In the early 1800s, Jean-Baptiste Joseph Fourier, a French mathematician and physicist, introduced the transform in his study of heat transfer. The idea seemed preposterous to many mathematicians at the time, but it has now become an important cornerstone in mathematics.
So, what exactly is the Fourier Transform? The Fourier Transform is a mathematical transform that decomposes a function into its sine and cosine components. It decomposes a function depending on space or time into a function depending on spatial or temporal frequency.
Before diving into the mathematical intricacies of the Fourier Transform, it is important to understand the intuition and the key idea behind it. The main idea of the Fourier Transform can be explained simply using the metaphor of creating a milkshake.
Imagine you have a milkshake. It is hard to look at a milkshake and understand it directly; answering questions such as “What gives this shake its nutty flavour?” or “What is the sugar content of this shake?” are harder to answer when we are simply given the milkshake. Instead, it is easier to answer these questions by understanding the recipe and the individual ingredients that make up the shake. So, how exactly does the Fourier Transform fit in here? Given a milkshake, the Fourier Transform allows us to find its recipe to determine how it was created; it is able to present the individual ingredients and the proportions at which they were combined to make the shake. This brings up the questions of how does the Fourier transform determine the milkshake “recipe” and why would we even use this transform to get the “recipe”? To answer the former question, we are able to determine the recipe of the milkshake by running it through filters that then extract each individual ingredient that makes up the shake. The reason we use the Fourier Transform to get the “recipe” is that recipes of milkshakes are much easier to analyze, compare, and modify than working with the actual milkshake itself. We can create new milkshakes by analyzing and modifying the recipe of an existing milkshake. Finally, after deconstructing the milkshake into its recipe and ingredients and analyzing them, we can simply blend the ingredients back to get the milkshake.
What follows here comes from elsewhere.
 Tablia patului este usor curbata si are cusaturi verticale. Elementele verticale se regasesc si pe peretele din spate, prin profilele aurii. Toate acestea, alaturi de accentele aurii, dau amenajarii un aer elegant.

Extending this metaphor to signals, the Fourier Transform essentially takes a signal and finds the recipe that made it. It provides a specific viewpoint: “What if any signal could be represented as the sum of simple sine waves?”.
By providing a method to decompose a function into its sine and cosine components, we can analyze the function more easily and create modifications as needed for the task at hand.
A common application of the Fourier Transform is in sound editing. If sound waves can be separated into their “ingredients” (i.e., the base and treble frequencies), we can modify this sound depending on our requirements. We can boost the frequencies we care about while hiding the frequencies that cause disturbances in the original sound. Similarly, there are many other applications of the Fourier Transform such as image compression, communication, and image restoration.
This is incredible! An idea that the mathematics community was skeptical of, now has applications to a variety of real-world applications.
Now, for the fun part, using Fourier Transform in a sentence by the end of the day:
Example 1:
Koby: “This 1000 puzzle is insanely difficult. How are we ever going to end up with the final puzzle picture?”
Eng: “Don’t worry! We can think of the puzzle pieces as being created by taking the ‘Fourier transform’ of the puzzle picture. All we have to do now is take the ‘inverse Fourier Transform’ and then we should be done!”
Koby: “Now when you put it that way…. Let’s do it!”
Example 2:
Grace: “Hey Rohan! What’s the difference between a first-year and fourth-year computer science student?
Rohan: “… what?”
Grace: “A Fouri-y-e-a-r Transform”
Rohan: “…. (╯°□°)╯︵ ┻━┻ ”
I’ll see you in the blogosphere…
Parinita Edke